The name SSL is derived from the fact that a network connection in most systems is represented by an object called "a socket" and SSL would turn this socket into a secure socket, which, once the SSL handshake is done, would behave pretty much like a regular socket. Ultimately, this means neither developers nor a protocol like HTTP need to regard SSL being used, as the developer just uses a SSL library and the protocol doesn't even notice that it is there.
How does SSL work?
SSL is what turns HTTP into HTTPS. In fact, HTTPS simply means "HTTP over an SSL connection". But SSL is not limited to HTTP; it can be used with pretty much all protocols that would otherwise directly use TCP, including FTP (FTPS), IMAP (IMAPS), POP3 (POP3S), SMTP (SMTPS), SIP (SIPS), and so on. For this to work, none of the protocols need to be adapted. Both sides of the connection simply need to agree that they will use an SSL connection over TCP instead of just a raw TCP connection.

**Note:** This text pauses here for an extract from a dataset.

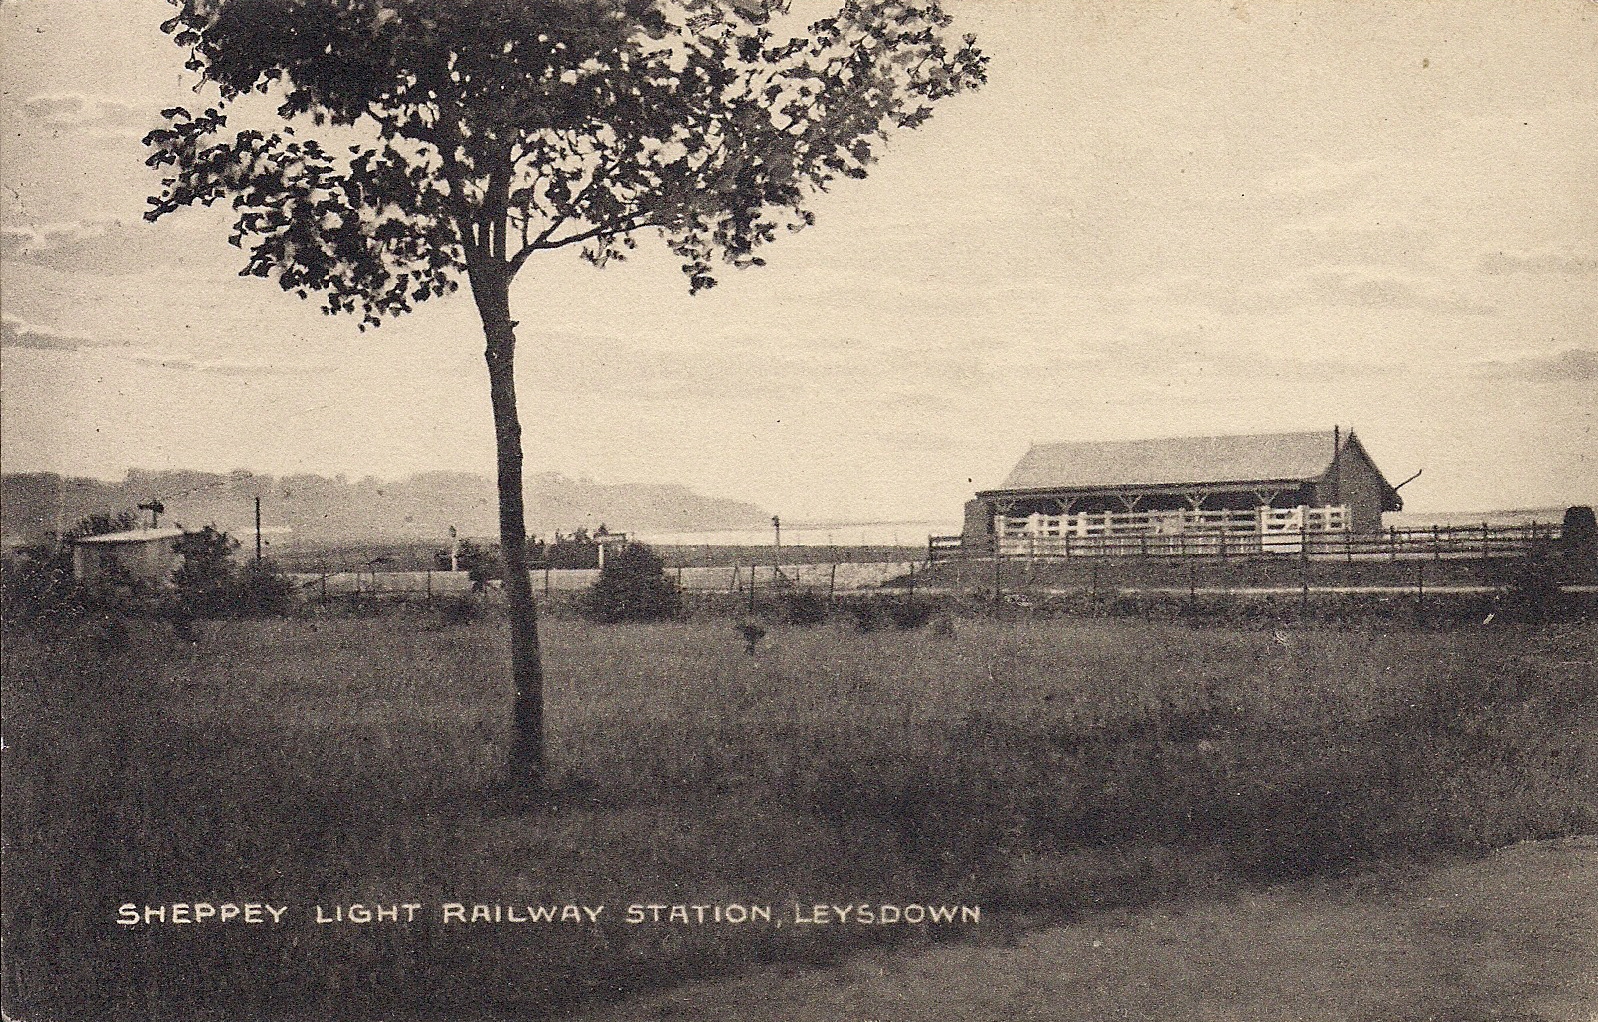 Leysdown railway station

That means SSL can be implemented as an afterthought, and it can even be implemented through a local proxy service, so the original software without built-in SSL support could still use SSL without any modification. For example, there were some very good but dated NNTP clients that never received SSL support (active development had been stopped years ago), however, by setting up a local SSL proxy, it was possible to connect them to servers that would only support NTTPS.

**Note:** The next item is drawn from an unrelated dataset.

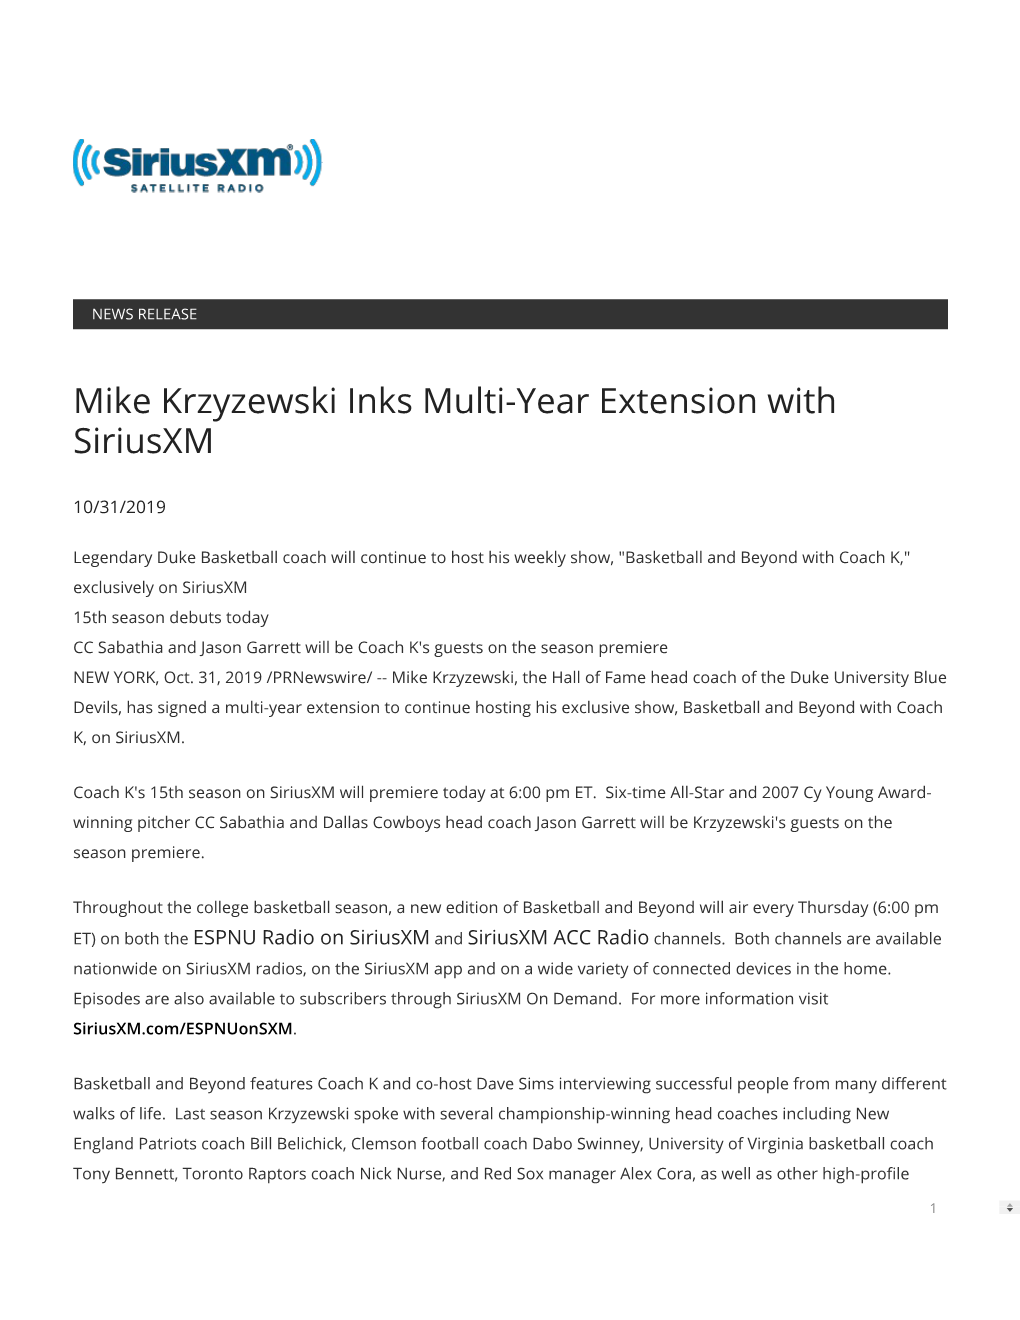 Mike Krzyzewski Inks Multi-Year Extension with Siriusxm

The history of SSL versions
Only 5 months after version 1, SSL version 2 was released. Back in 1995, when Microsoft released Internet Explorer, they implemented their own protocol as an alternative to SSL (as they always do.) This protocol was named PCT (Private Communication Technology).
PCT offered a few enhancements in comparison to SSL 2, which Netscape then addressed by adding them to SSL version 3 in 1996. Version 3 would be the last SSL version Netscape ever released before they handed over the controls to the IETF (Internet Engineering Task Force) to turn SSL into a real standard protocol to avoid something like PCT happening again.
What is the IETF?
The IETF is the standard organization that also standardizes IP, TCP, HTTP and pretty much all the widespread, vendor-neutral internet protocols.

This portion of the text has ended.